An investment adviser to a family of funds could be primarily liable for alleged misleading statements in the funds’ prospectuses, maintained an SEC amicus brief to the Supreme Court, since an investment adviser exercising day-to-day management over a mutual fund cannot be considered a secondary actor for Rule 10b-5 purposes like an accountant or attorney could be. Thus, the investment adviser’s alleged role in the drafting of the funds’ prospectuses was a sufficient basis for concluding that it made the alleged misstatements contained therein. Unlike a typical secondary actor such as a lawyer or accountant, reasoned the SEC, an investment adviser’s unique and close relationship with a mutual fund makes it essentially a corporate insider. The adviser was no run-of-the-mill outside service provider to the funds, but rather a manager of the funds.

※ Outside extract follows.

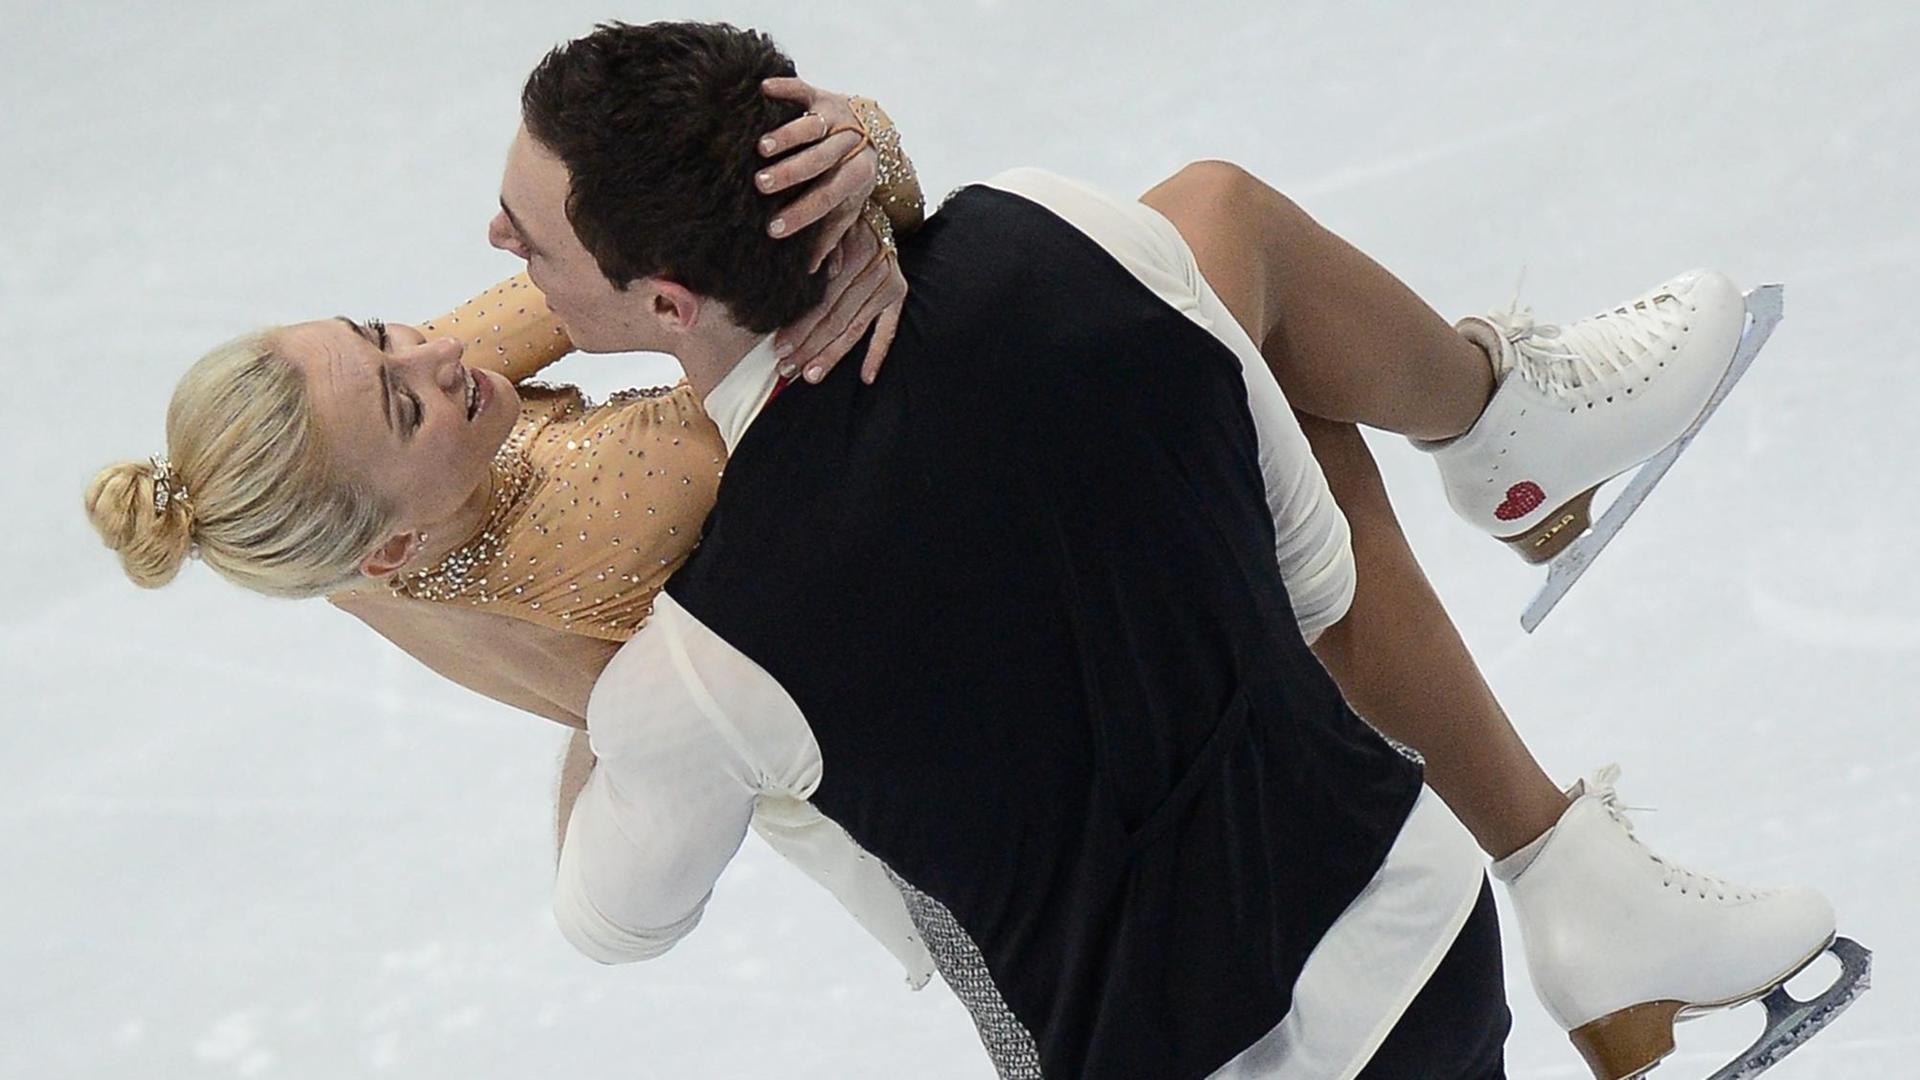 Massot und Sawtschenko halten sich auf dem Eis in den Armen.

Oral argument is set for December 7, 2010 and the government has asked for permission to participate in it. Janus Capital Group, Inc. v. First Derivatives Traders, US Supreme Court, Docket No. 09-525.

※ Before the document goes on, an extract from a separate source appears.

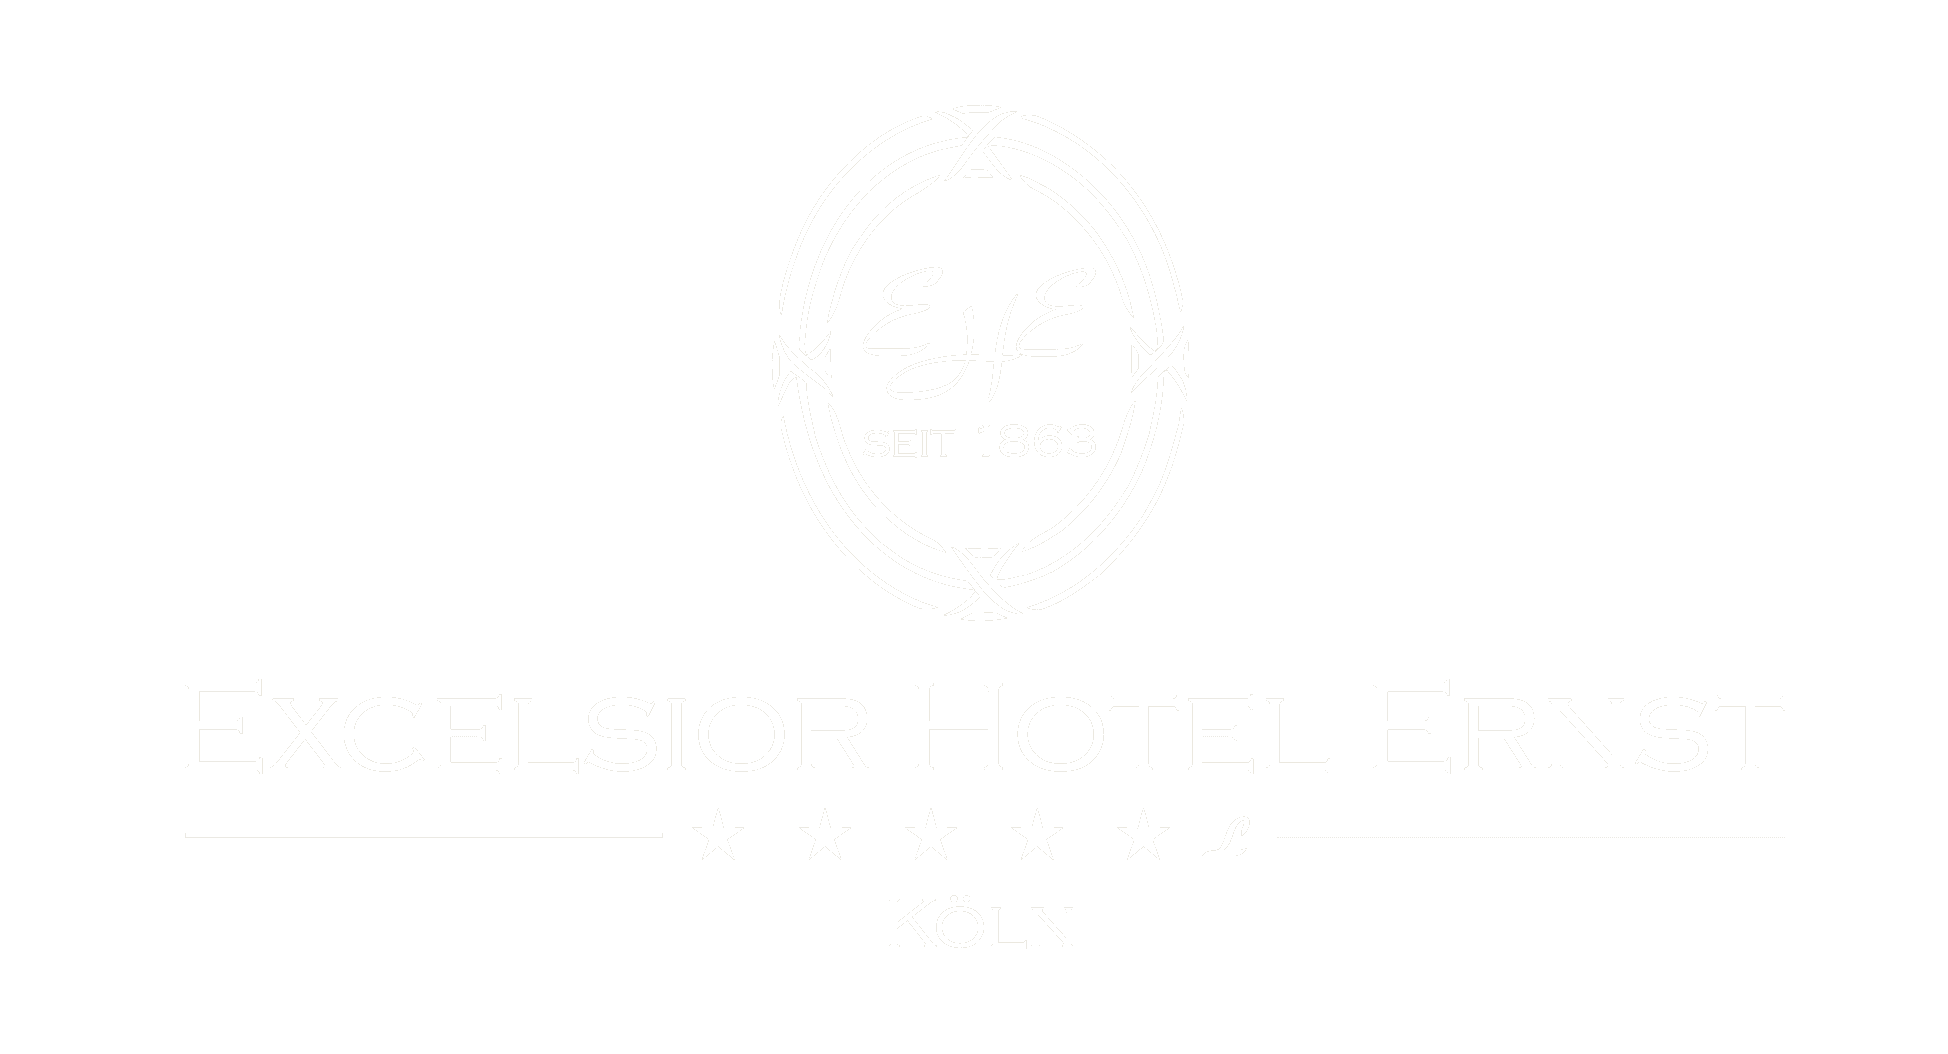 Logo Excelsior Hotel Ernst weiß auf grauem Hintergrund

The Supreme Court agreed to review a Fourth Circuit panel ruling that fund shareholders adequately alleged that the investment adviser made misleading statements, and that the statements at issue were properly attributable to the adviser. Specifically, the shareholders alleged that the prospectuses of several of the funds created the misleading impression that the adviser would implement measures to curb market timing in the funds when in fact secret arrangements with several hedge funds permitted market timing transactions. The term “market timing” refers to “the practice of rapidly trading in and out of a mutual fund to take advantage of inefficiencies in the way the fund values its shares, which could potentially harm other fund investors by diluting the value of shares, increasing transaction costs, reducing investment opportunities for the fund, and producing negative tax consequences.
This was a securities fraud-on-the-market action in which the appeals panel held that the attribution element of the reliance inquiry could be established by proving that interested investors would attribute the allegedly misleading statement to the adviser and that the shareholders satisfied that requirement by alleging that the adviser is responsible for day-to-day management and, as a practical matter, runs each of the funds, allowing investors to infer that the adviser played a role in preparing or approving the content of the fund prospectuses.

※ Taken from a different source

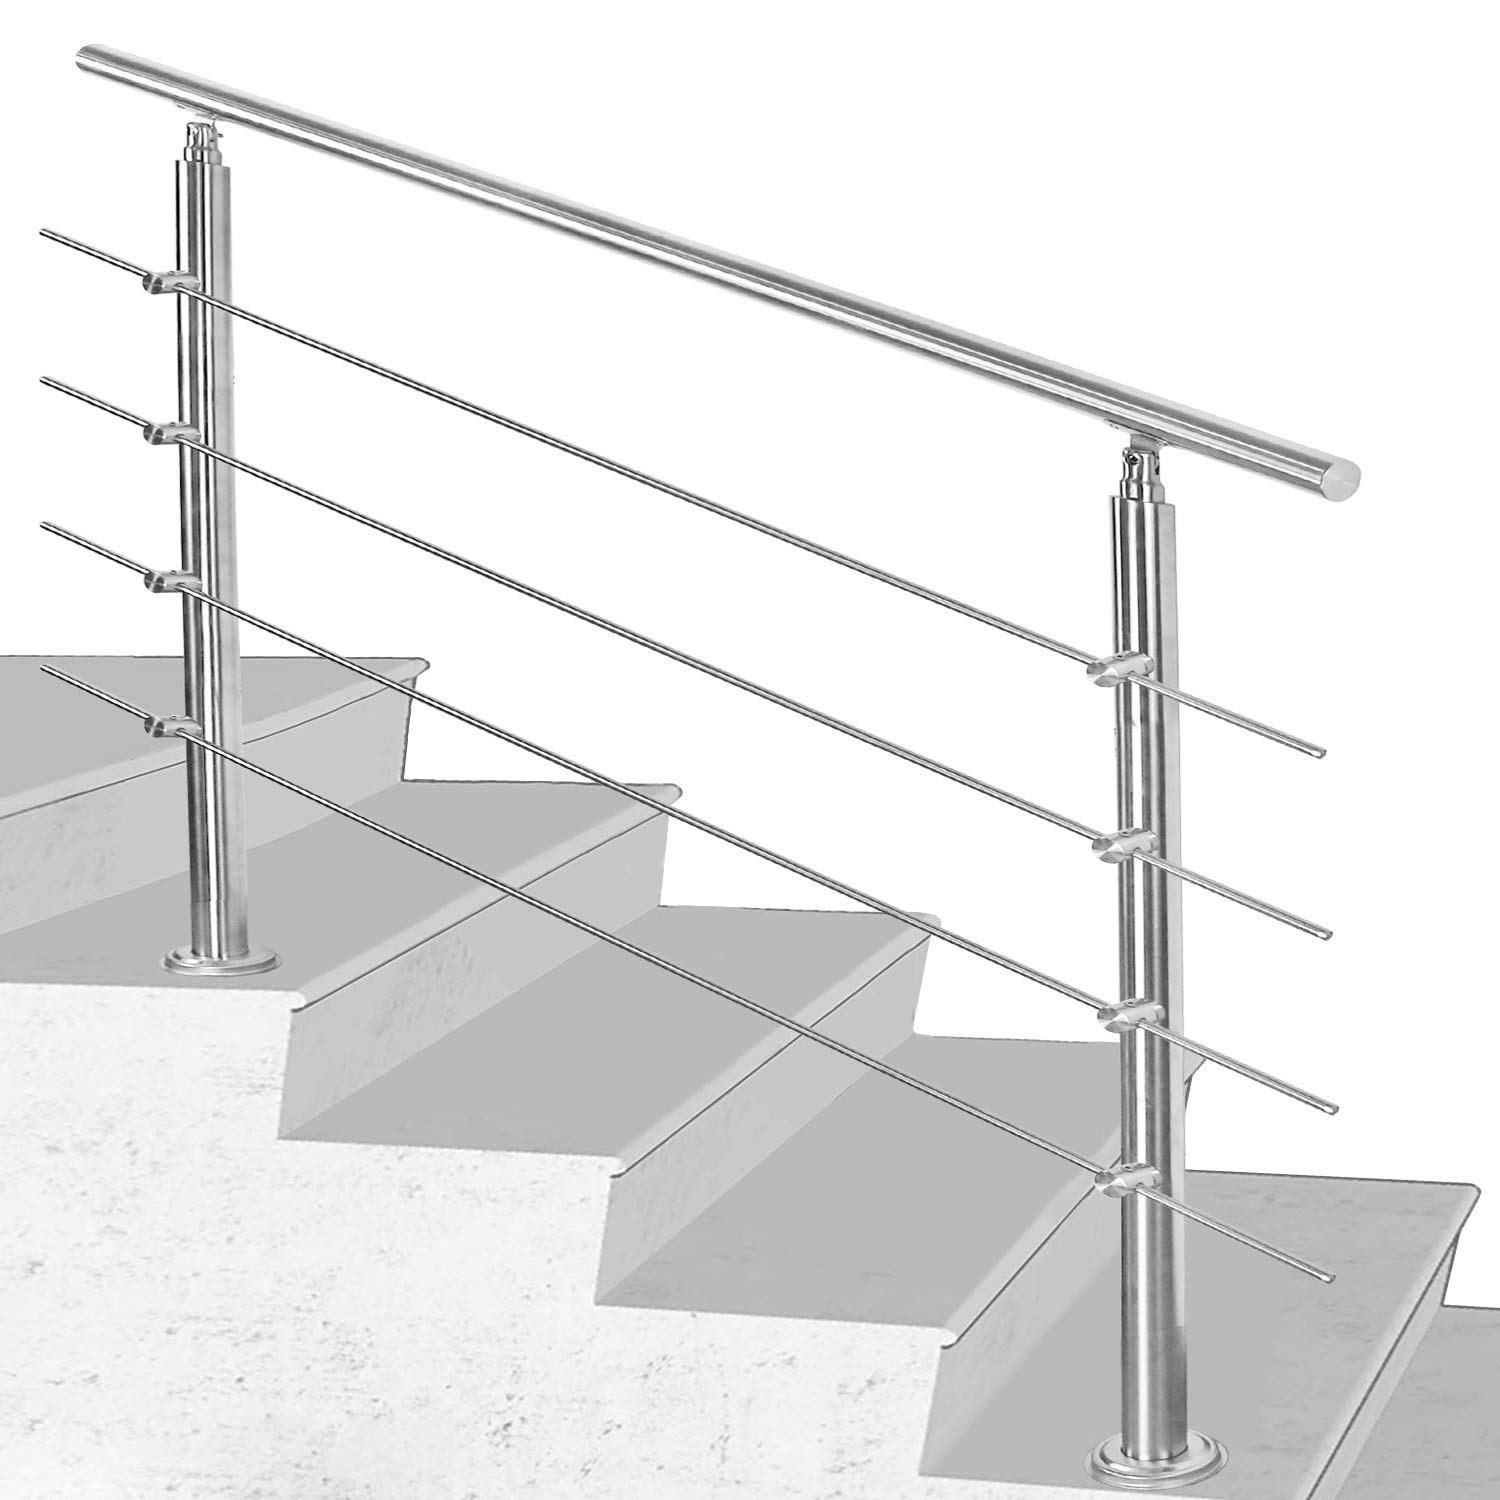 SWANEW Edelstahl Handlauf Geländer Treppengeländer 160 cm mit 4 Querstreben Montagematerial Wandhandlauf Wandhalterung Innen & Außen

Urging the Supreme Court to affirm the panel’s ruling, the Commission said that under its reading of Rule 10b-5 the adviser wrote and represented and therefore made misleading statements in the funds’ prospectuses. An investment adviser’s managerial role makes it essentially a corporate insider, said the SEC, and distinguishes it from a true secondary actor like an accountant, lawyer, or bank. Thus, the adviser can be held liable for its own statements to the market made directly or indirectly through the prospectuses of the Funds over which it exercised managerial control.
The SEC contended that the attribution requirement urged by the shareholders would have the perverse effect of insulating a defendant from suit precisely because it was successful in concealing its identity as the maker of false statements. Further, the SEC asserted that the earlier Supreme Court ruling in Stoneridge does not suggest that attribution is a prerequisite for the fraud-on-the-market presumption.
Even if the reliance element of a Rule 10b-5 action required contemporaneous public identification of the person who made a statement, continued the SEC, express attribution should not be required when the statement’s actual maker is so closely tied to the entity in whose name the statement is made that reasonable investors would have inferred the actual maker’s responsibility. In light of the close relationship between investment advisers and their mutual funds, investors would naturally infer that statements in a fund’s prospectus bear the imprimatur of the fund’s adviser. Requiring such statements to be formally attributed to the investment adviser, reasoned the SEC, would allow advisers to avoid Section 10(b) liability simply by declining to state explicitly what the investing public already knows.
Even if the investment adviser is considered a secondary actor, posited the SEC, it would not be immune from liability here since even after the Court’s Stoneridge ruling the implied right of action under Rule 10b-5 continues to cover secondary actors who commit primary violations. The allegations adequately state a claim of primary liability based on the adviser’s own misrepresentations, and not a secondary-liability claim that the adviser merely aided a fraud spearheaded by the funds.
The adviser is alleged to have performed the insider functions that corporate officers would ordinarily perform, noted the SEC, and not the advisory role typically associated with outside service providers. If the adviser created statements for the prospectuses that misled investors about how the funds combated market timing, said the SEC, it can be held liable for its own statements to the market. Courts have recognized in the context of conduits and publicly unidentified corporate employees that such cases involve primary liability, not aiding-and-abetting liability, because the defendant is being held liable for its own conduct and not for merely assisting someone else.
With regard to satisfying the reliance element of Rule 10b-5, the SEC said that reliance can be established through the fraud on the market presumption without showing that the relevant false statements were attributed to the defendant at the time they were made. But even if proof of attribution were necessary to establish reliance, continued the Commission, the allegations would be sufficient since the market would reasonably attribute statements about market timing in the funds’ prospectuses to the adviser in light of its role as the funds’ day-to-day manager.